When the old streets were demolished to make way for the new flat—blocks, their residents had been rehoused elsewhere. It was intended that they would all get new flats as soon as the building work was completed. But I suppose there must have been some clerical error, or the council must have mislaid their new addresses, or something, because none of the original residents of that area ever came back to Brentford to live in the flat-blocks. Young, smart, out-borough types, who wore suits and had jobs in the City’ moved in.
The Doveston moved in also.
He was very lucky, as it happened. The top floor of Hawtrey House should have been divided into three separate flats. But it seemed that the council must have run out of money, or something, because the dividing walls were never put in and the Doveston got to rent the entire floor for the price of a single flat. He told Norman that an uncle of his had put him on to it. Norman told me that he couldn’t remember this uncle’s name, but he thought it had a Scottish ring to it.

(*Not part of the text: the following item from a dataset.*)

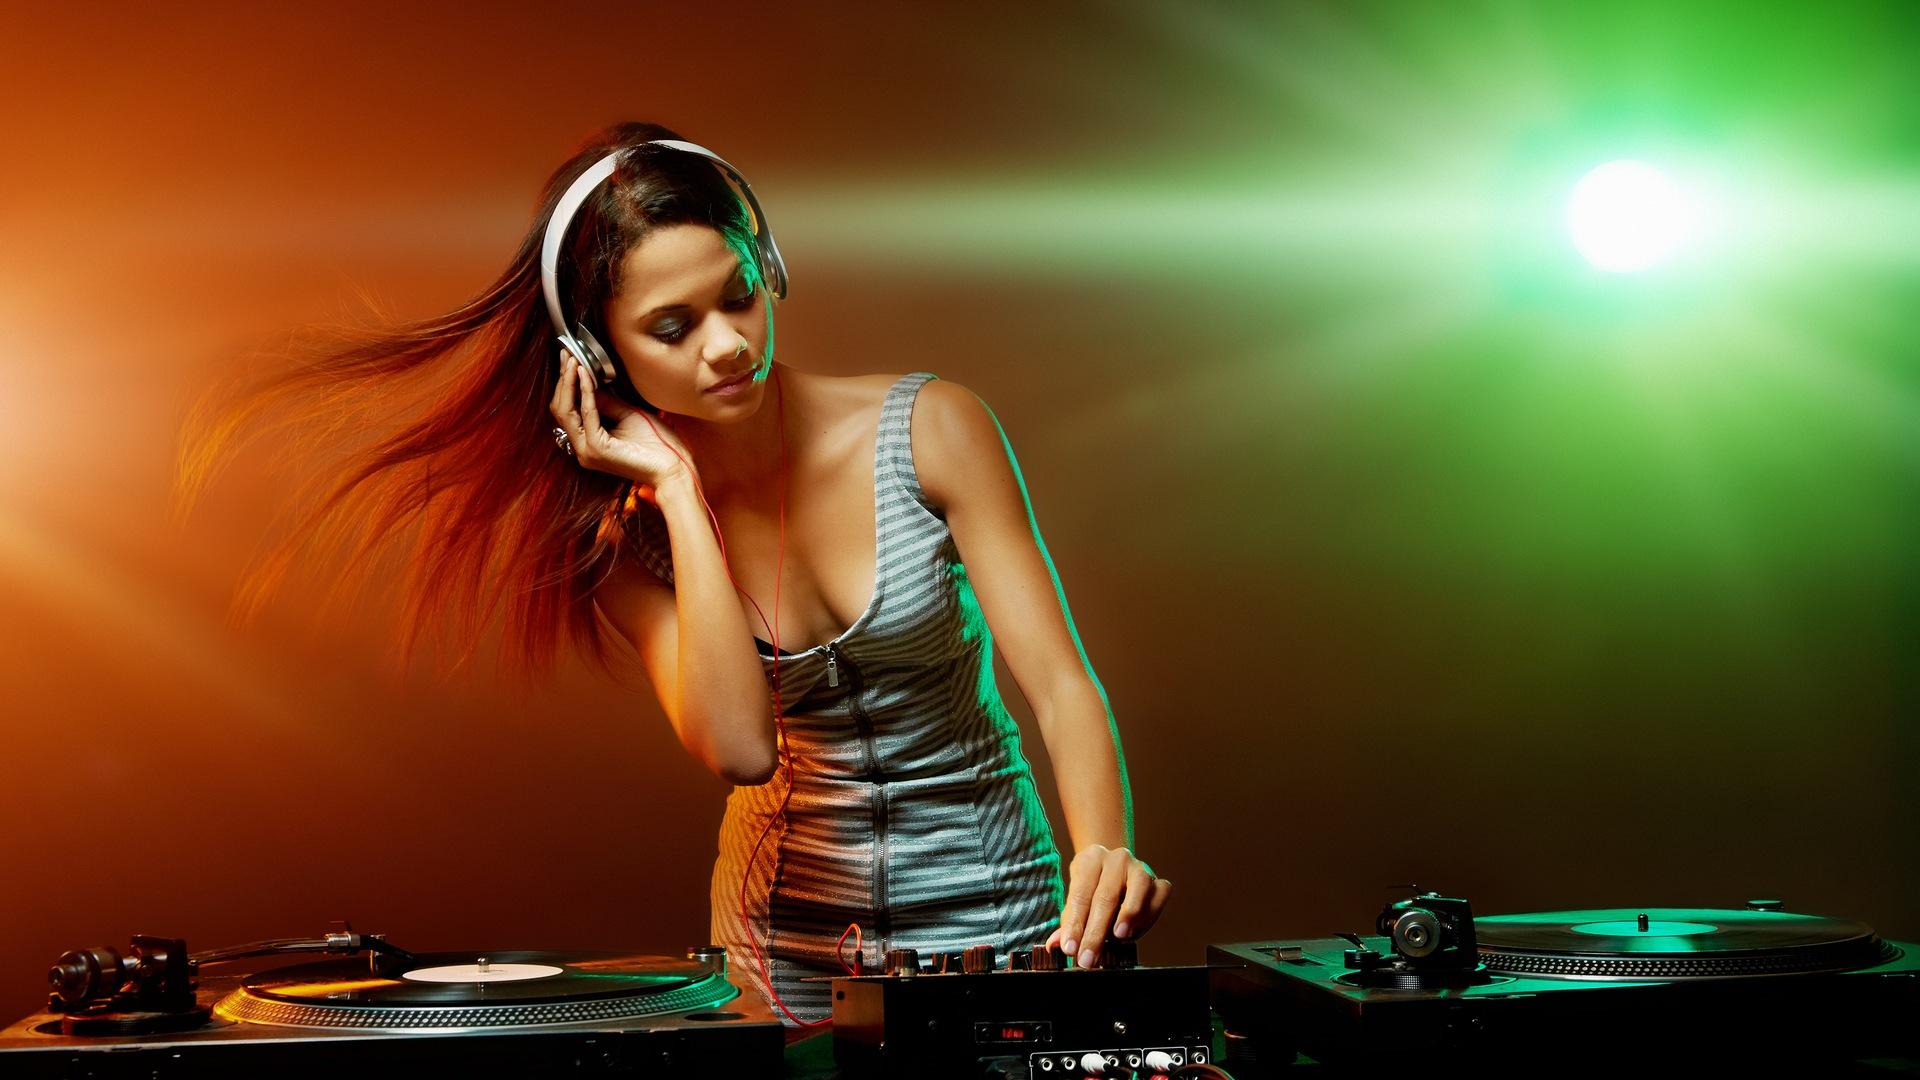 Dj Background Download Free Beautiful Full Hd: 1920x1080 Party Dj Girl Laptop Full HD 1080P HD 4k
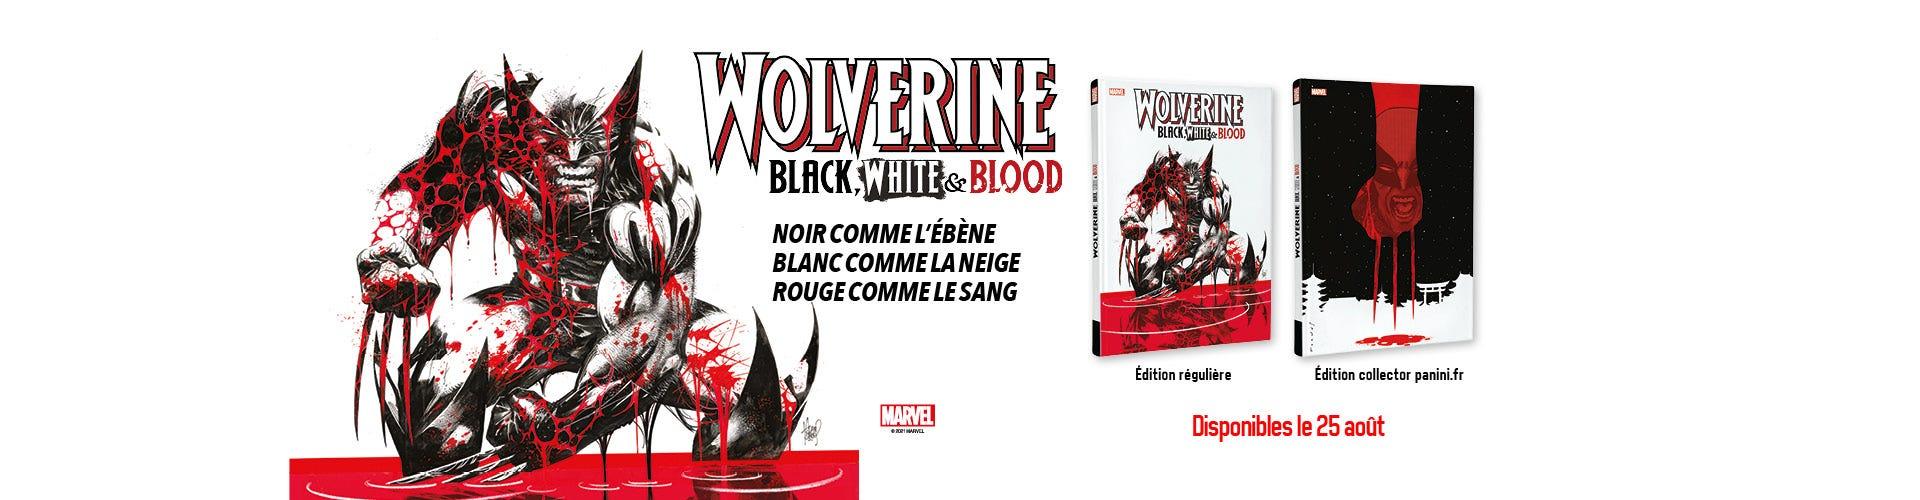 1920x500_Site_PaniniFR_Wolverine_BlackWhiteBlood_2

It certainly was a pretty fab flat.
Its décor was all of the modern style. Lava lamps, bean bags and curtains of bead. Colourful rugs lay all scattered about. The floor was gloss-painted, the blinds were of reed.
By now the Doveston had accumulated an extensive collection of books dedicated to the subject of tobacco. Many of these bore the distinctive stamp of the Memorial Library upon them, but I did not comment on this.
There were, however, a number of items in the flat which I did comment on. There was a most exquisite jardinière, which I had first seen in the conservatory of Jon Peru Joans. A leather-bound and studded teapot, from which tea had once been poured for me in the House of Correction. And a beautiful box, wrought from skin, that I felt certain was the very one Professor Merlin had shown to us in his caravan, nearly a decade before.
When I asked about the provenance of these objets d’art, the Doveston was vague in his replies.
The sheer spaciousness of the flat gave it an air of grandeur. Its broad windows overlooked the borough, offering romantic vistas. The smell ofjoss sticks (the Doveston created his own) filled the air with heady fragrances and the sounds of sitar music, issuing from the Doveston’s new hi-fl, added that certain something.
I would have been quite sick with jealousy, had my mother not taught me that ‘jealous boys all go to Hell, where they have to look at Heaven all day through the wrong end of a telescope’.